Quality Assessment (QA)
R2R will undertake routine/automated Quality Assessment (QA) on select data types, and in some cases will produce Quality Controlled data products. QA is defined as documenting the quality of the data as originally delivered from vessels. It is important to note that R2R QA routines are intended to identify suspicious data, and do not indicate the scientific quality/value of data. During QA procedures, a series of quality tests is run on the data and a summary of the results is provided. QA tests include dataset-level assessments, such as whether appropriate metadata exists and checking for errors in the file formatting, and can also include summaries of record-level testing of the data. R2R QA routines do not alter the original data files.

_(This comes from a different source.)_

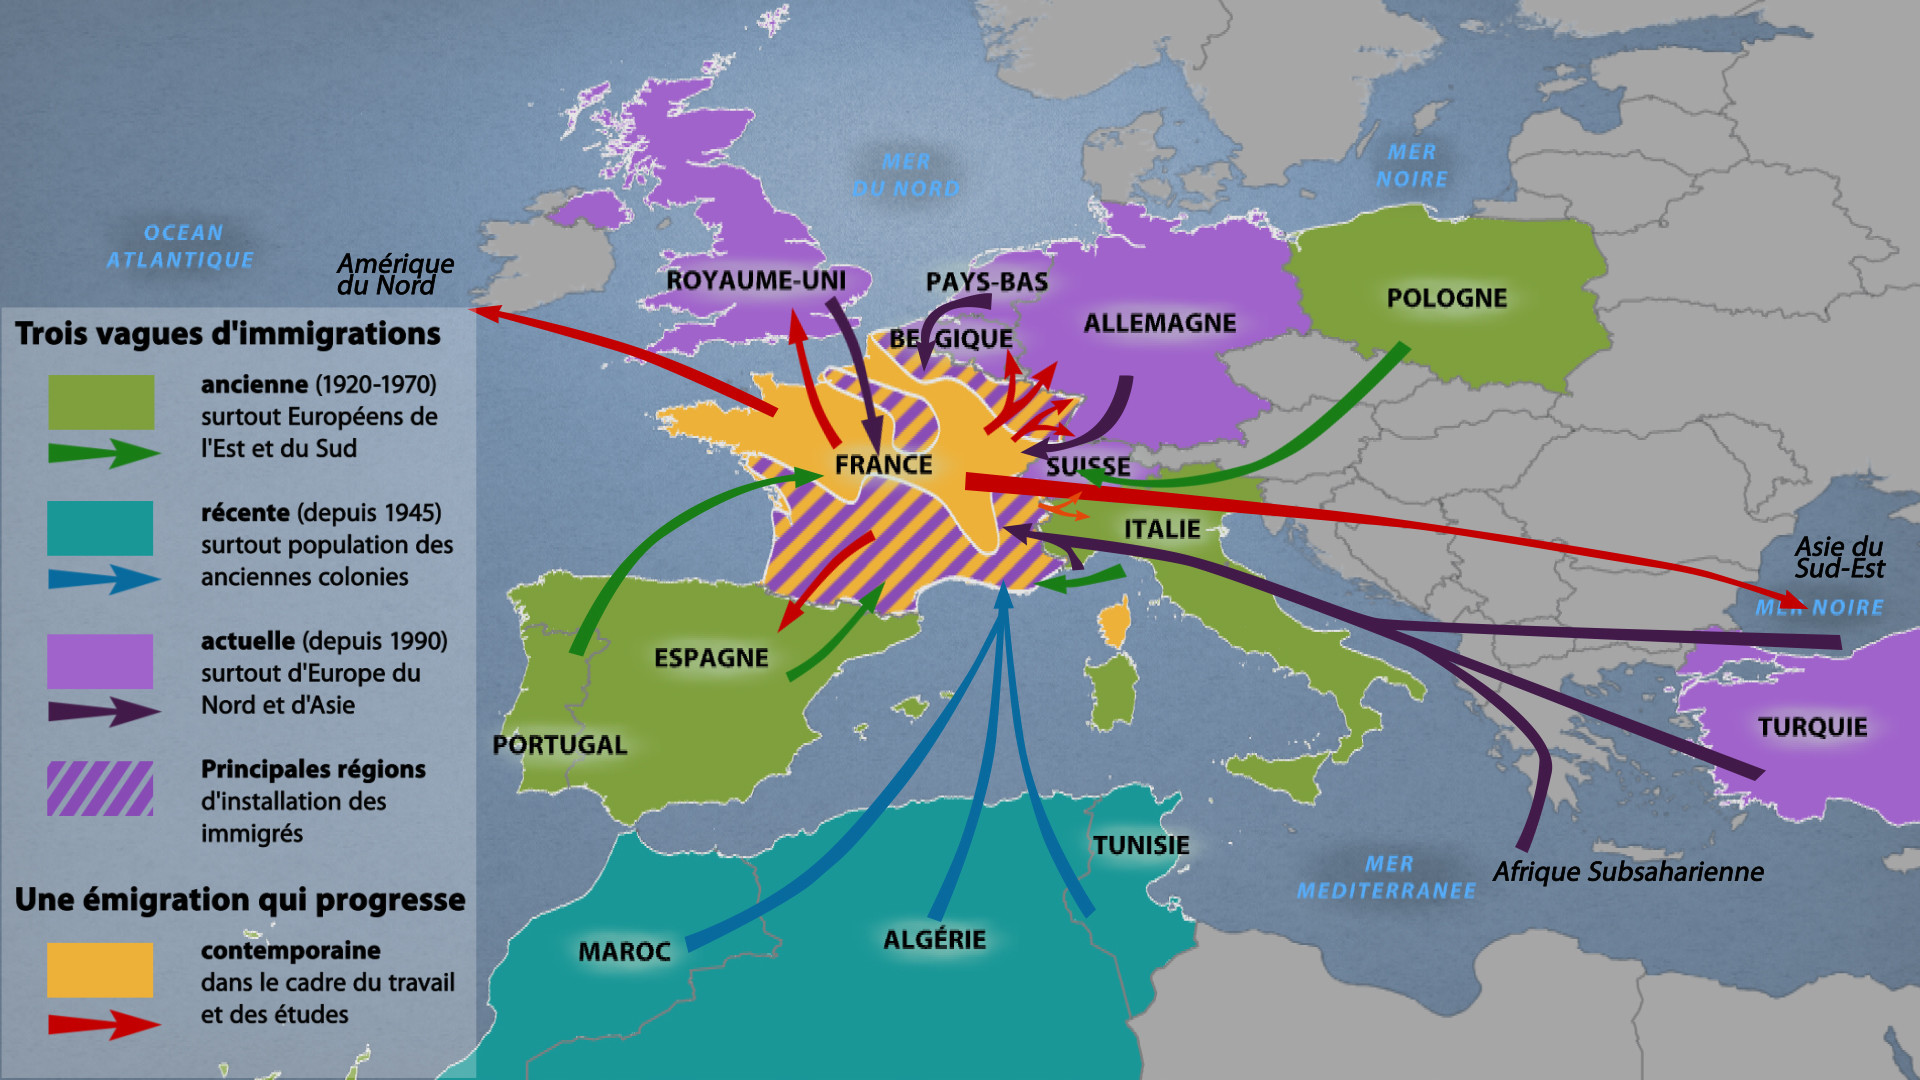 L'Europe, terre d'immigration depuis toujours?

The primary purpose of the QA is to provide timely feedback to shipboard operators to ensure that high quality data are consistently acquired, however they also provide background information for end users of the data. An R2R Quality Assessment Certificate (QAC) will be generated programmatically post-cruise for most standard data types. Data that have not been quality assessed are documented as such. The results of QA will be made publicly accessible on the R2R website in a QA Dashboard, via Cruise Catalog, and Web services. QA output will ultimately accompany data submitted to the long-term archives. Initially, the QAC will provide essential file details including name, size, checksum and date, but as tools mature, additional content will be added.
For some data types , Quality Controlled data products are also created. These include meteorology station (MET) and thermosalinograph (TSG) data (delivered in realtime), as well as navigation and trackline geophysics. In Quality Control (QC), each value within a dataset is tested, and one or more sets of QC flags is incorporated into the data product that indicate whether that record or value passed or failed the quality test(s). Failing points are not removed, just flagged.
The exact quality tests done vary by data type. Tests can include ensuring physically plausible relationships between observations, comparisons to historical values for a region (e.g., climatologies), identifying time reversals and missing data, and other tests that evaluate the scientific use of the data.
The R2R QA and QC procedures are being developed over time, engaging specialists and requesting community feedback for each data type. As the software tools mature and become sufficiently stable, they will be made available for members of the community to use independently of R2R.